Where a picture appears, leave it out, and transcribe all the lines below exactly.

◆ Supplied information ◆
────────────────────

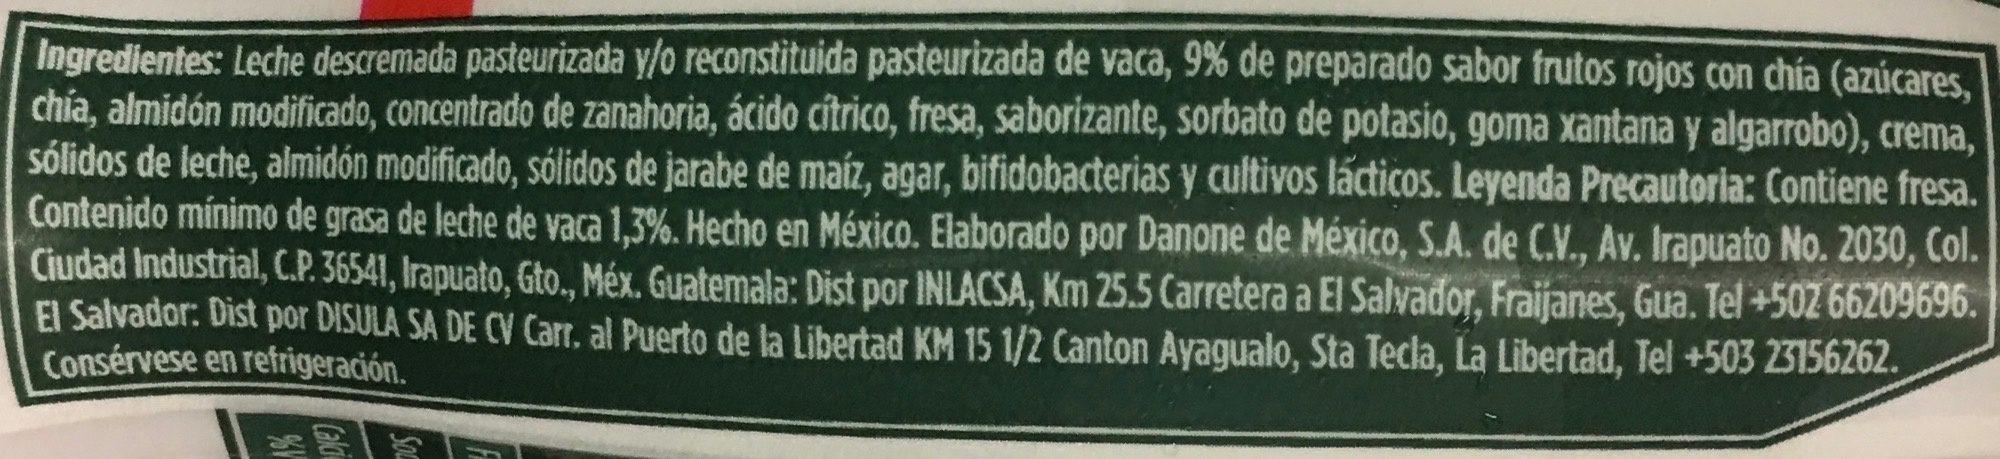 Activia Semillas Selectas Danone - Ingrediënten - es
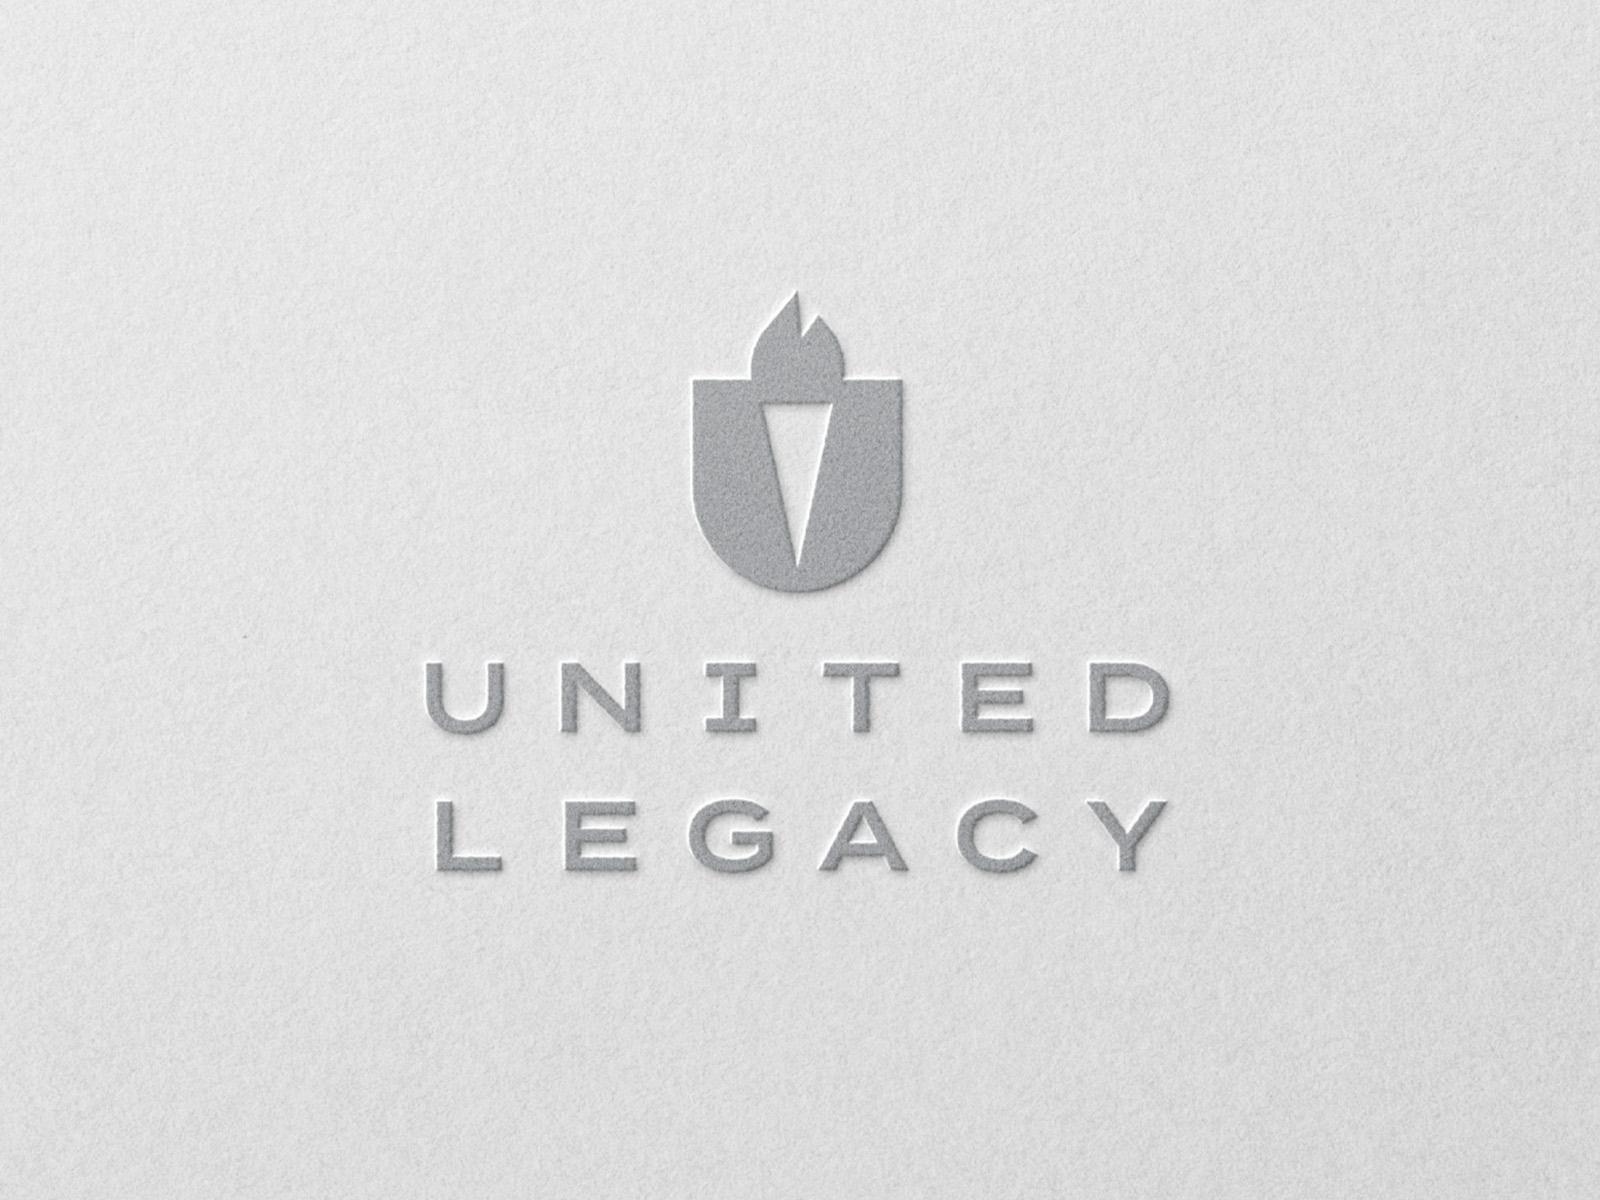 UNITED LEGACY | Unused
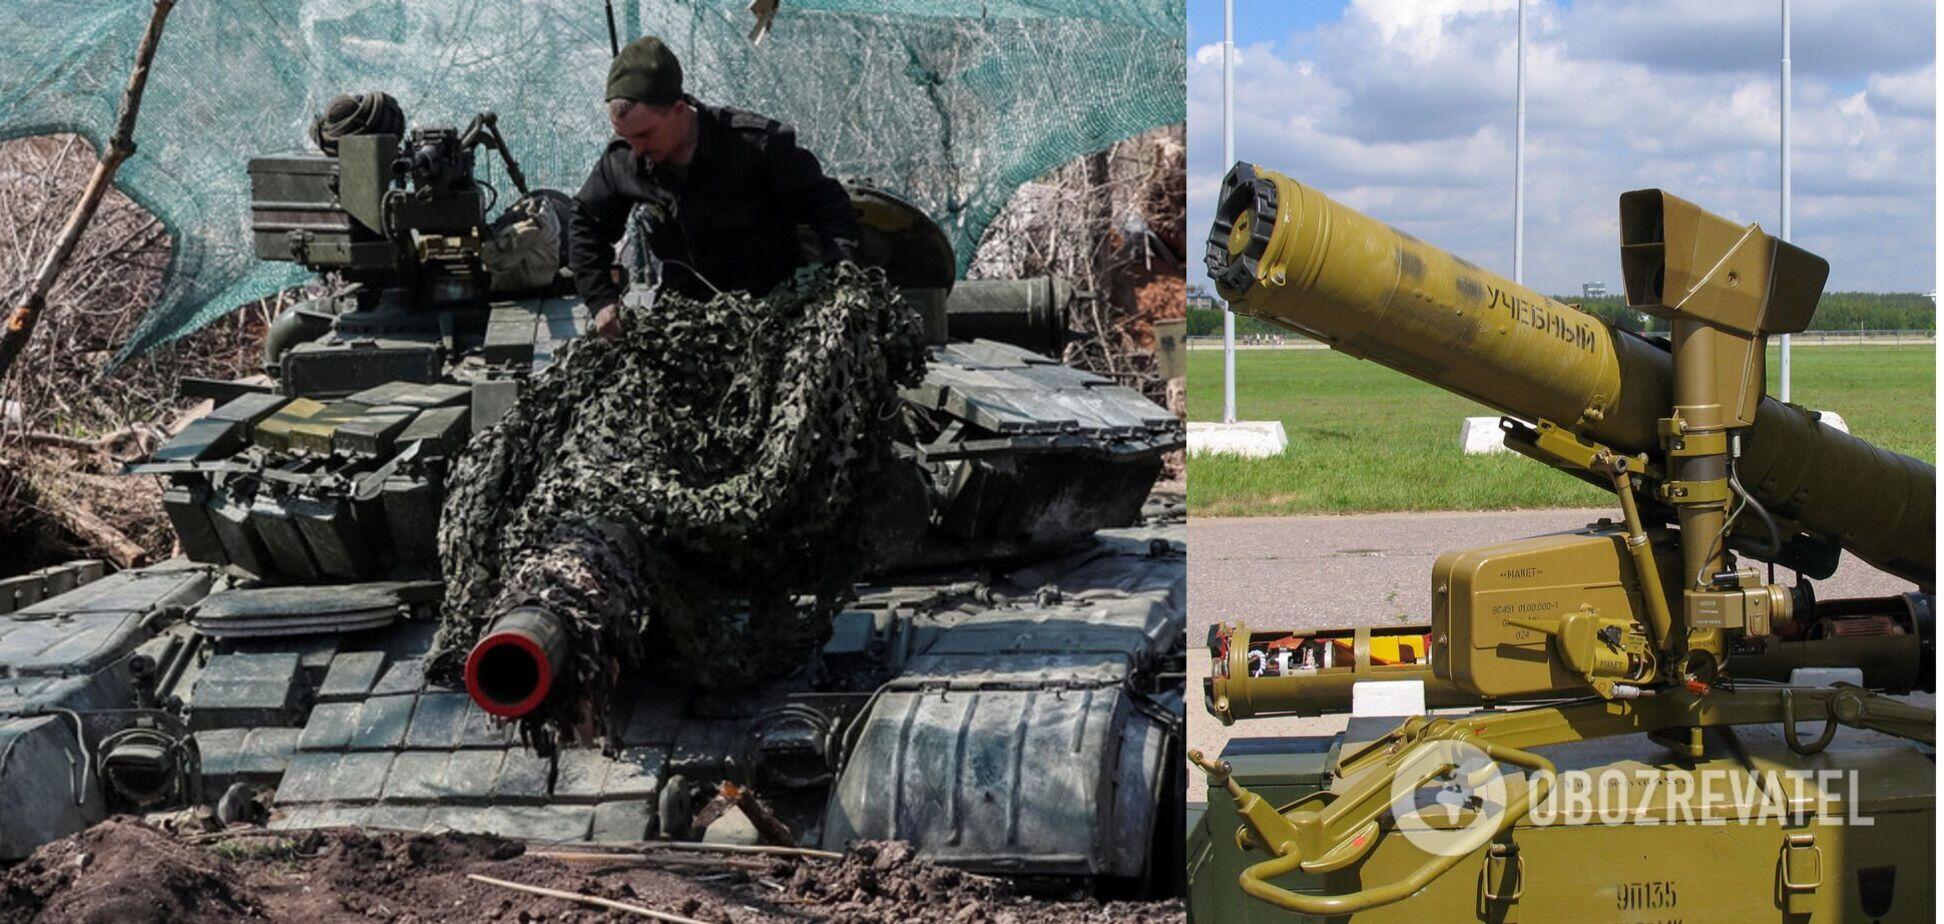 Оккупанты обстреляли ВСУ из противотанкового ракетного комплекса, есть жертвы. Видео

────────────────────

◆ Completed task ◆
 Activia Semillas Selectas Danone - Ingrediënten - es
 UNITED LEGACY | Unused
 Оккупанты обстреляли ВСУ из противотанкового ракетного комплекса, есть жертвы. Видео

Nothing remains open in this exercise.